An erster Stelle möchte ich der Schwarzkopf-Stiftung ein herzliches Dankeschön
aussprechen, da das Stipendium die Grundvoraussetzung für meine Reise war. Ich
bin nach wie vor von der Idee begeistert, jungen Erwachsenen die Möglichkeit zu
bieten, im Ausland eigenständig Erfahrungen zu sammeln.

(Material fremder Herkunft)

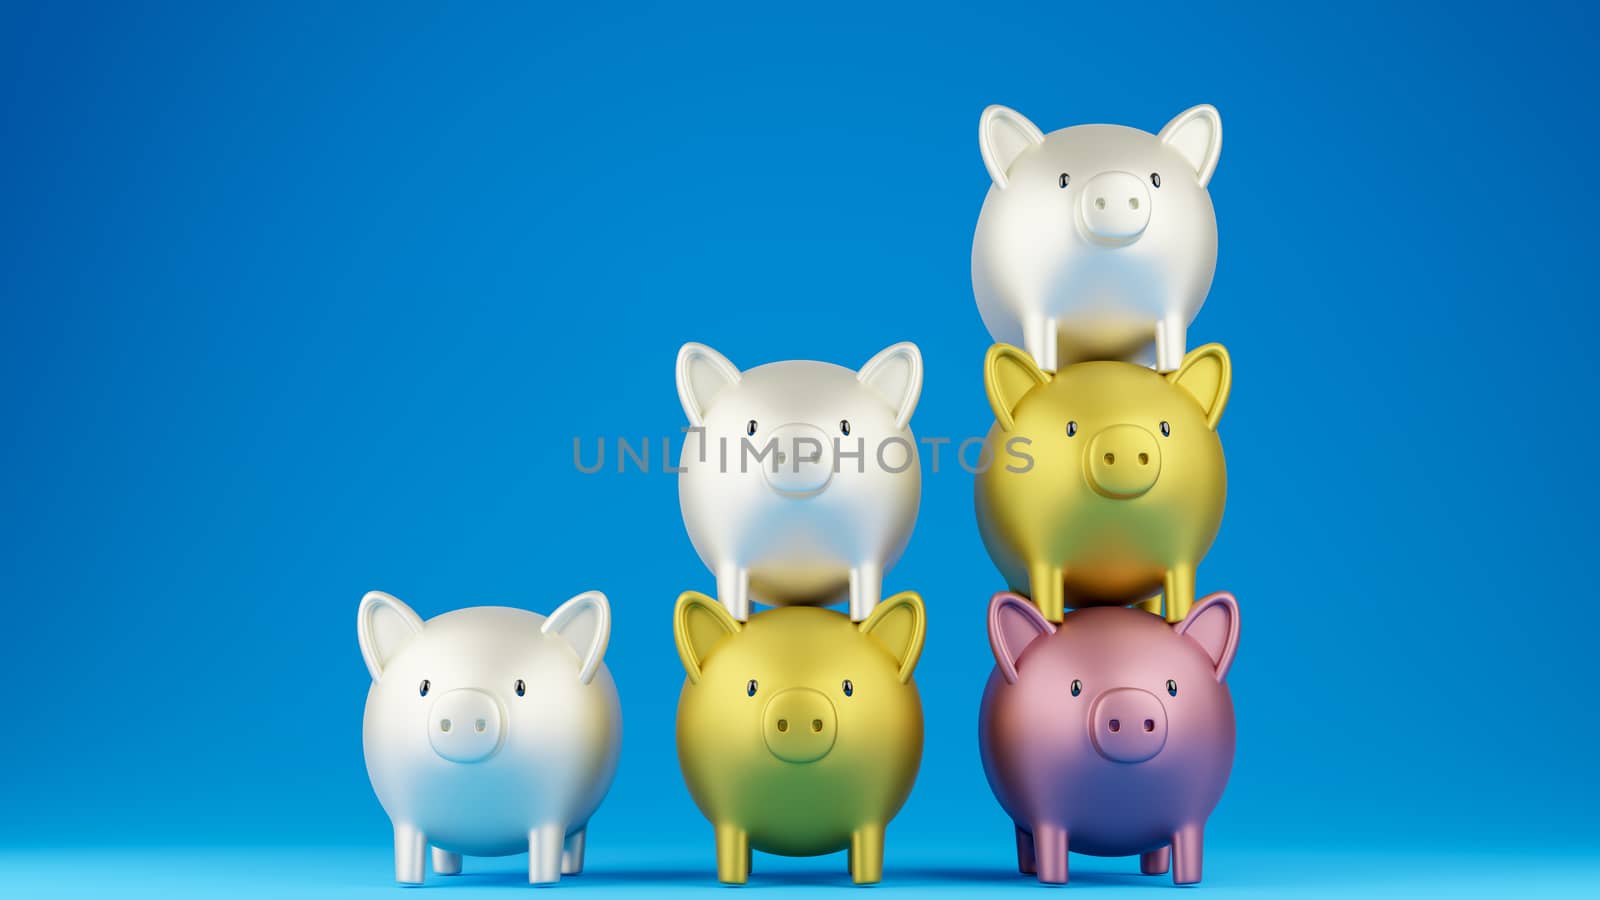 3 D rendered illustration of piggy banks in three different type of gold shaddings, white gold, metallic gold, and rose gold, in column design. Blue background. Business and finance concept.
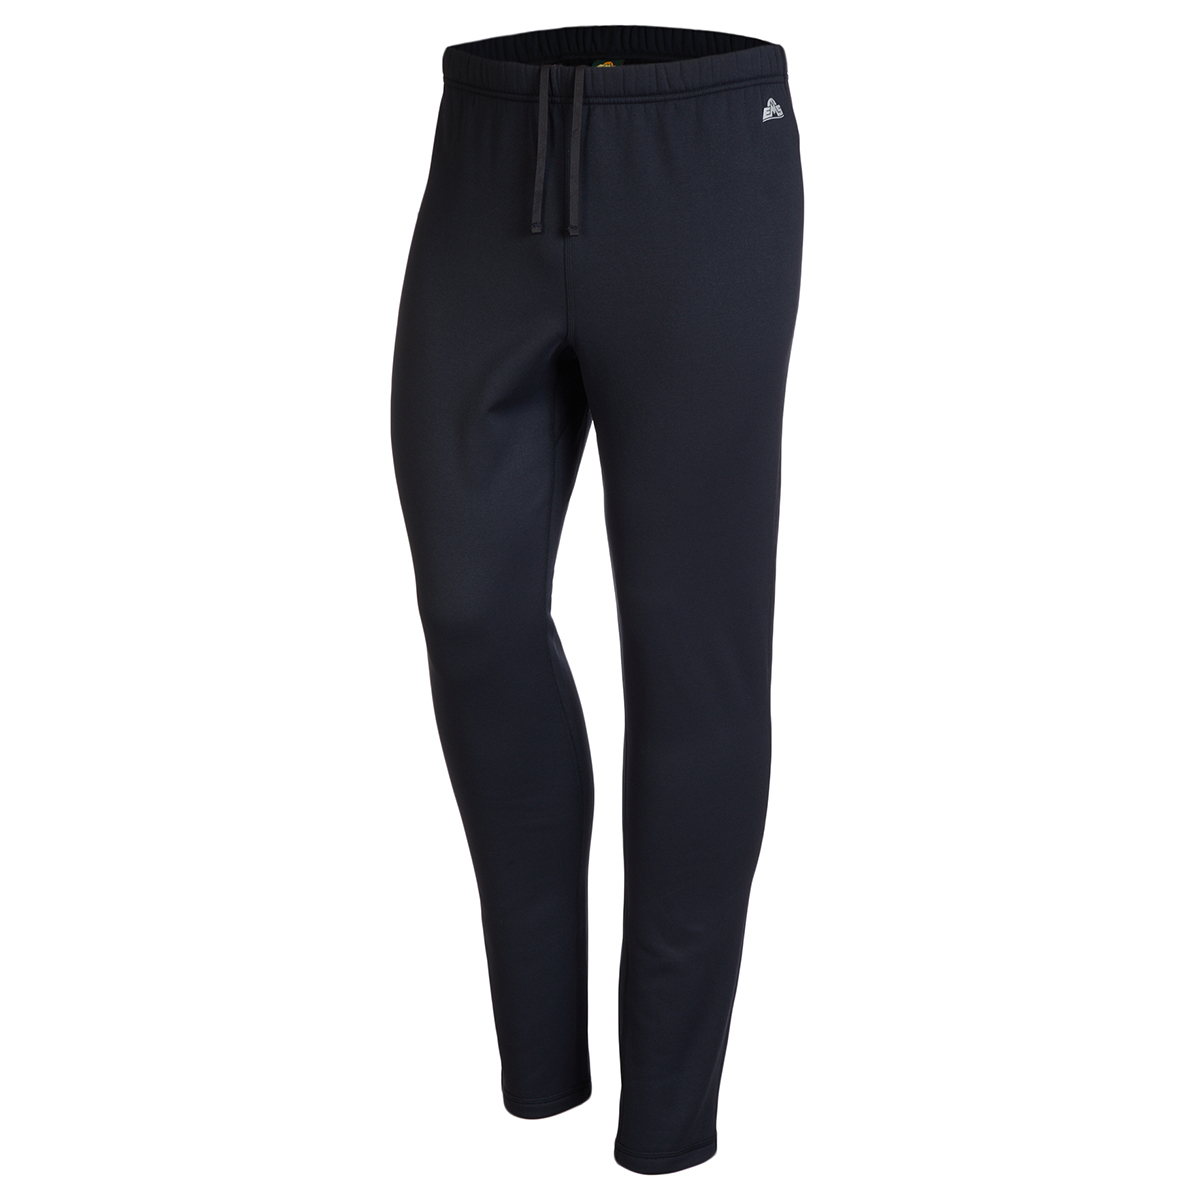 EMS Women's Equinox Stretch Ascent Tights

Meinen Gastgeberinnen und Gastgebern in Estland bin ich sehr dankbar für die
Gelegenheit, dass ich einen tiefen, authentischen und unvergesslichen Einblick in
das estnische Alltagsleben nehmen konnte.
-In Tallinn: Anneli Tombak
-In Tartu: Stephan, Beate und Lea Noe
-In Kadrina: Familie Erikson
Insbesondere Külli Erikson hat mir bei meinen Planungen sehr geholfen, auch in sehr
schwierigen Situationen.
Dank Herr Ulrich Wiegand war es möglich, dass ich das estnische Schulsystem
kennenlerne und viele interessante Erfahrungen sammeln konnte. Außerdem hat er
mir viel von seinen persönlichen Eindrücken berichtet, denn er beobachtet die
Entwicklungen in Estland sehr genau.
Durch die Gespräche mit Professor Reiljan, Friedrich und Tulviste konnte ich nicht
allein meine thematischen Kenntnisse bezüglich meines Reisethemas erweitern,
sondern auch spannende Menschen kennenlernen.
…
Diese Liste könnte ich noch beliebig lange fortsetzen.